#### WHAT THE TASK ASKS
Only the lines from the one containing "Nově otevřené místo" to the end of the material are to be copied, exactly and in full; images stay out.
Start of SUPPLIED DATA
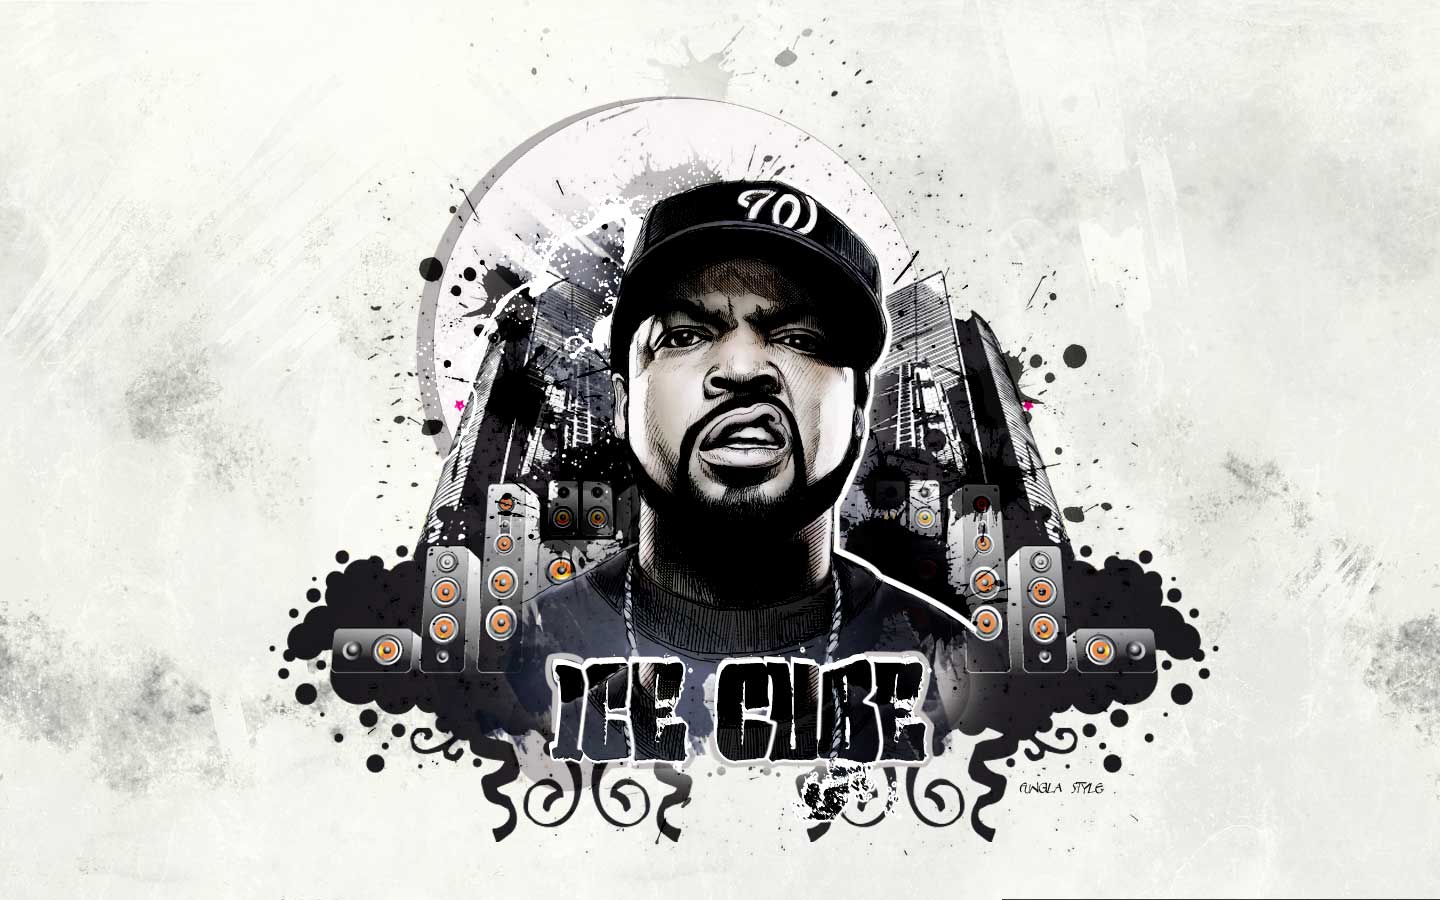 Rapper Ice Cube HD Rapper Wallpapers  HD Wallpapers  ID 53195
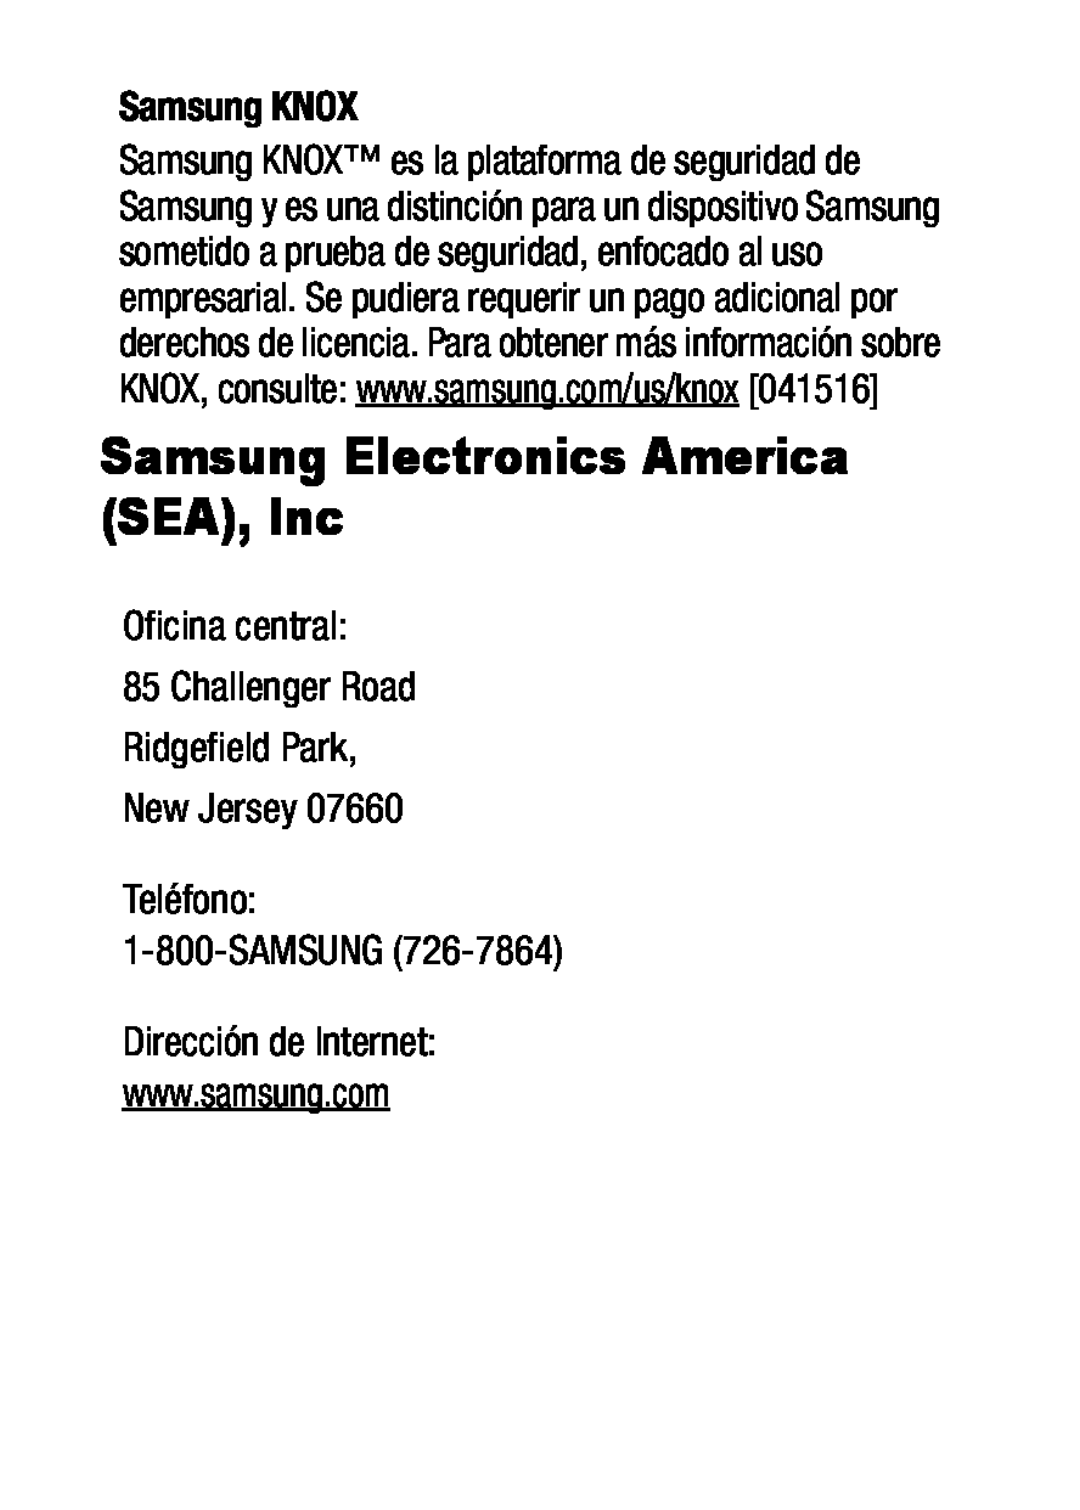 1-800-SAMSUNG (726-7864) Galaxy S5 Metro PCS
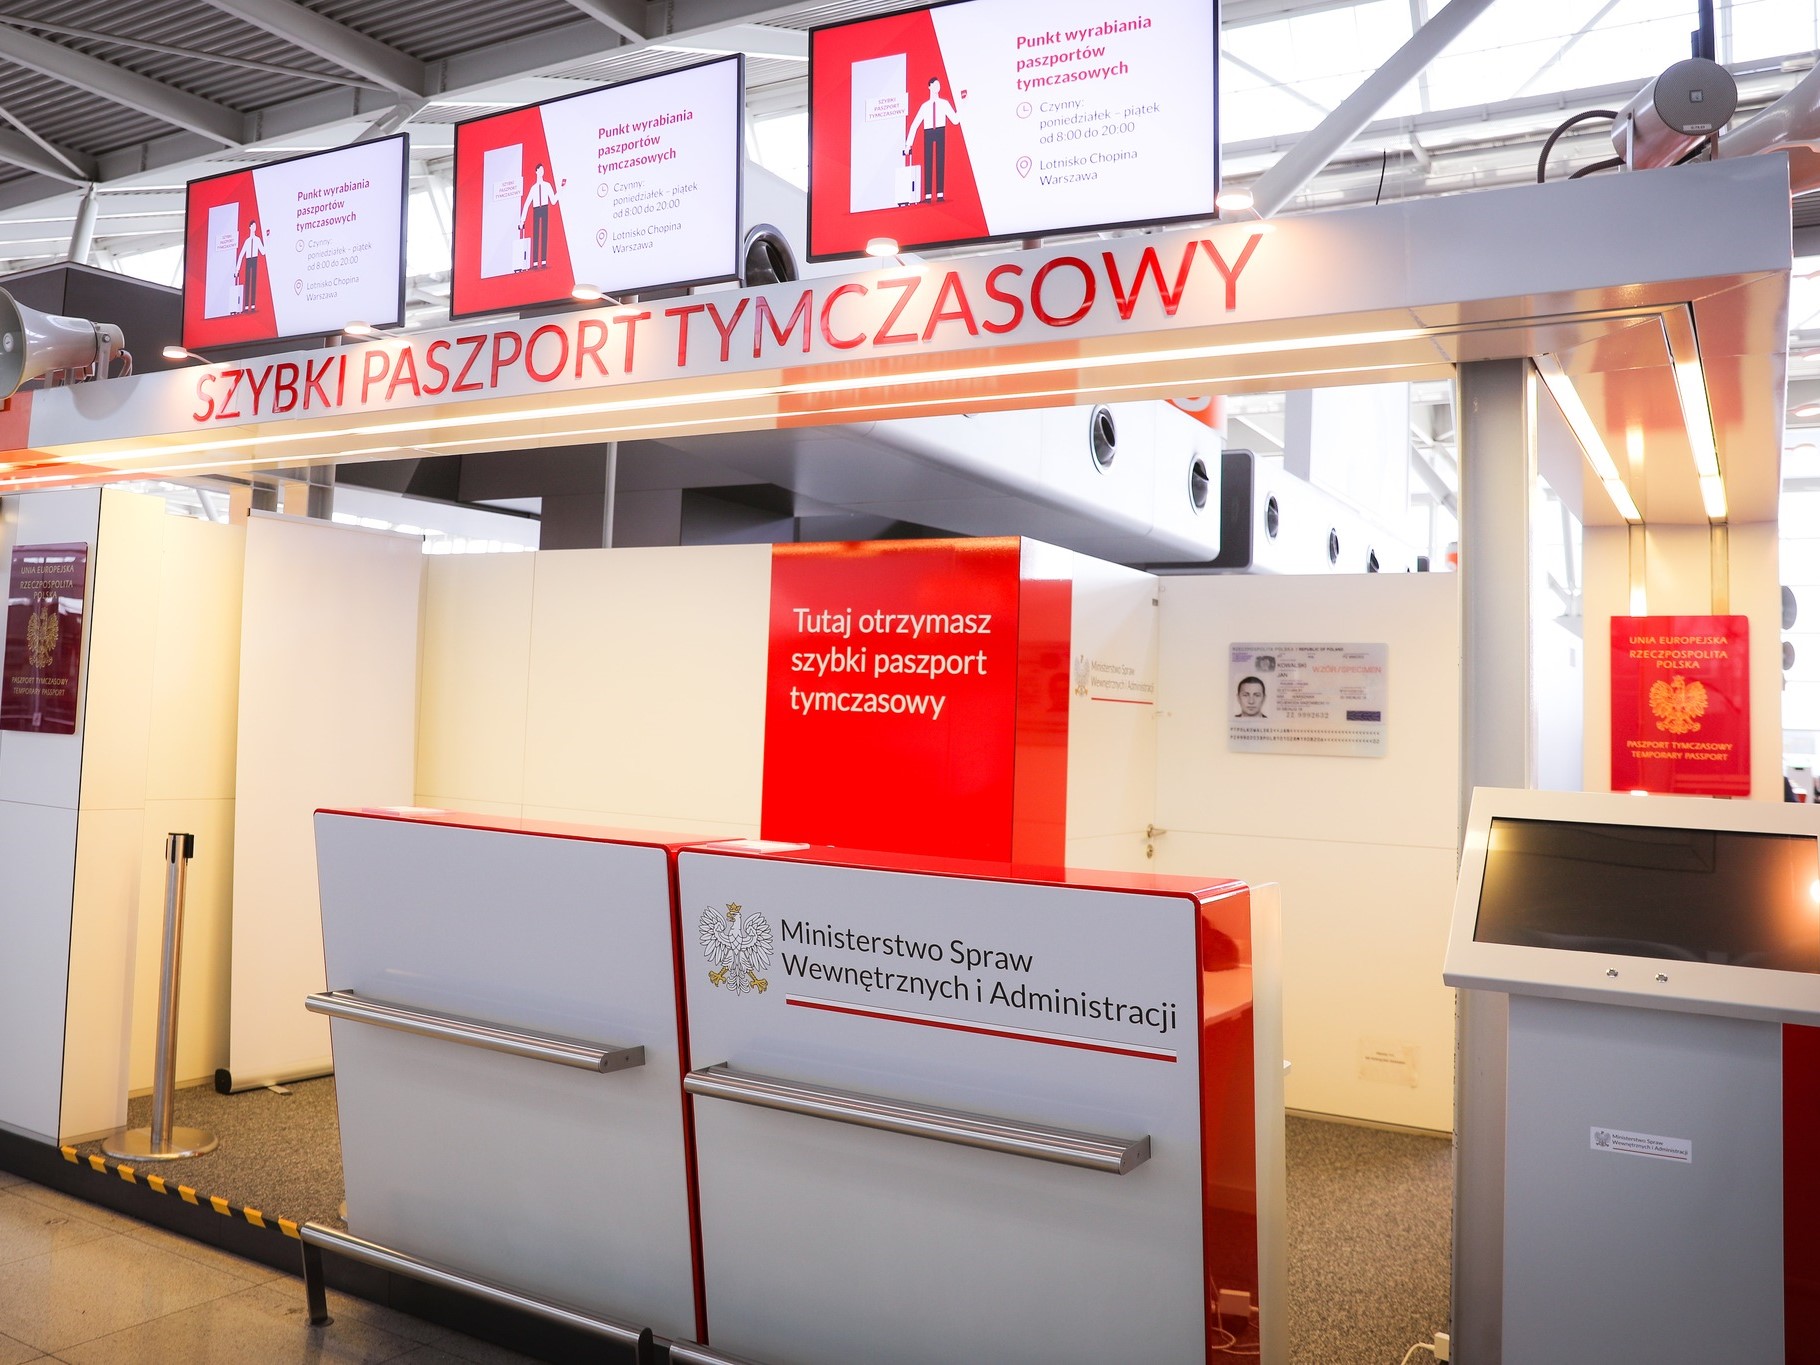 Nově otevřené místo k vydávání dočasných pasů na varšavském letišti. Zdroj: Facebook.com - Lotnisko Chopina
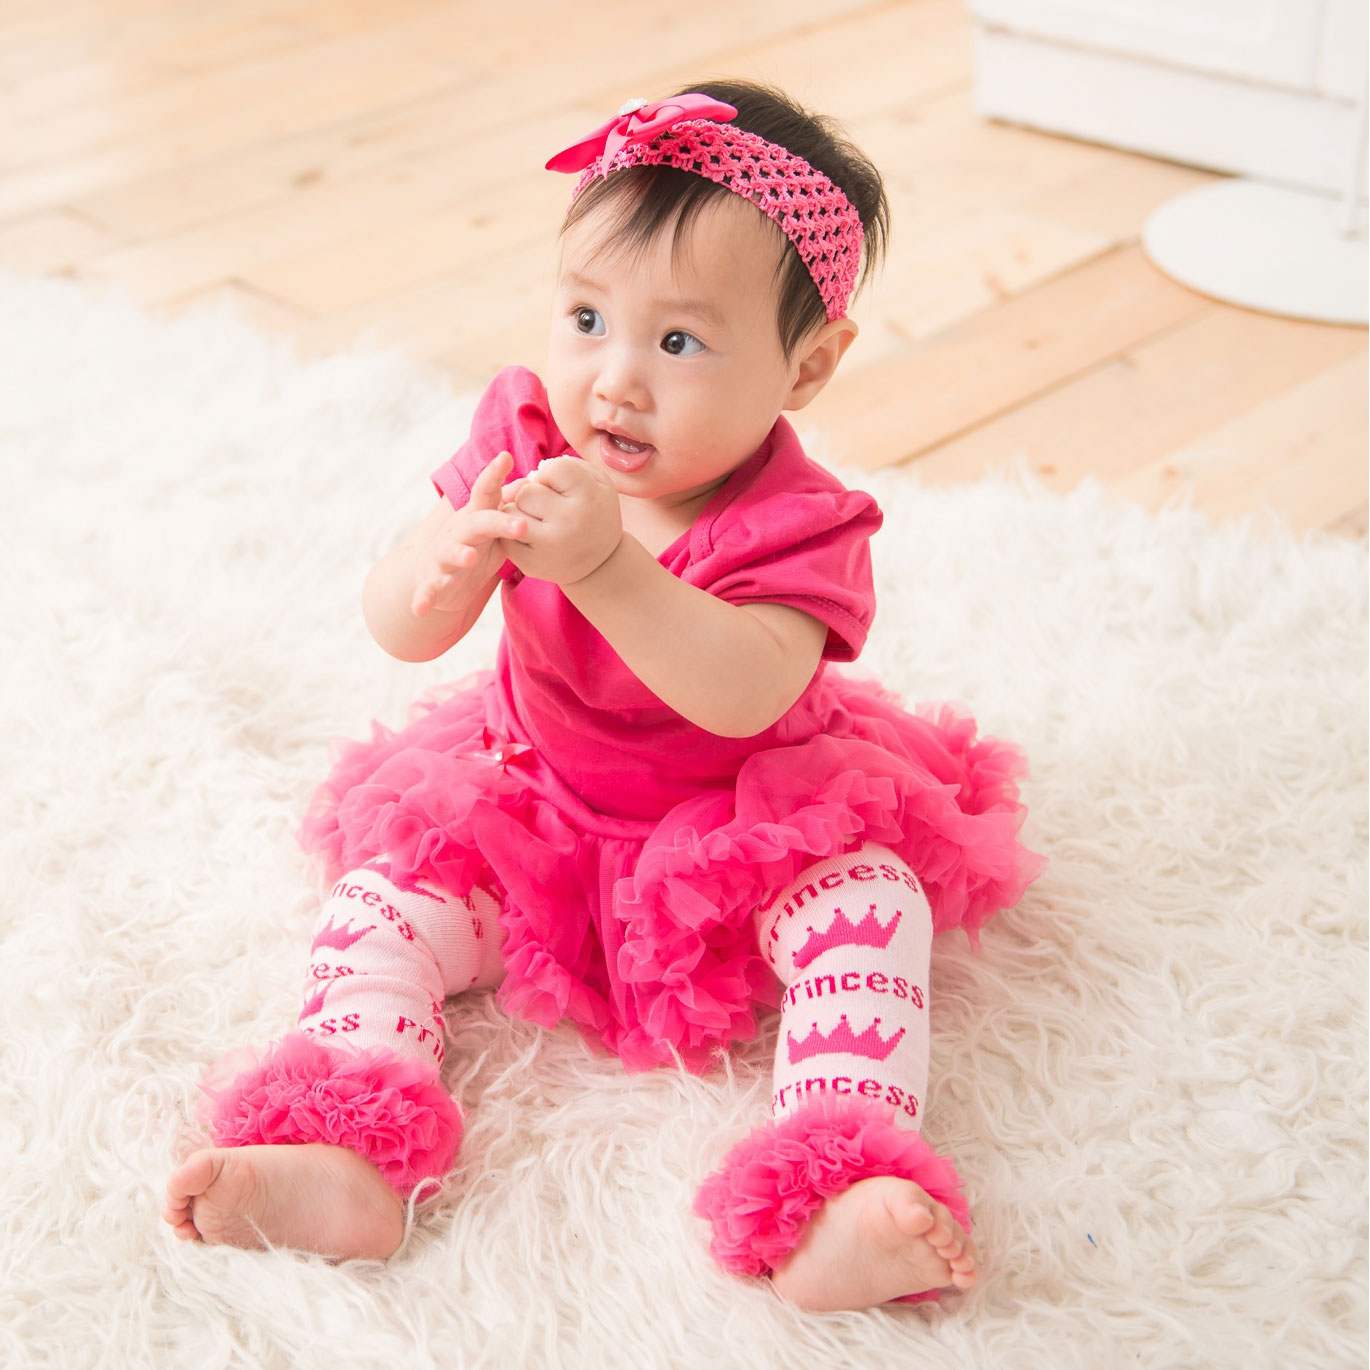 日安朵朵 女嬰雪紡蓬蓬裙連身衣禮盒 - 桃紅芭比(衣+圍兜+寶寶襪) (12-18個月)
End of SUPPLIED DATA
#### ANSWER TO THE PROBLEM
 Nově otevřené místo k vydávání dočasných pasů na varšavském letišti. Zdroj: Facebook.com - Lotnisko Chopina
 日安朵朵 女嬰雪紡蓬蓬裙連身衣禮盒 - 桃紅芭比(衣+圍兜+寶寶襪) (12-18個月)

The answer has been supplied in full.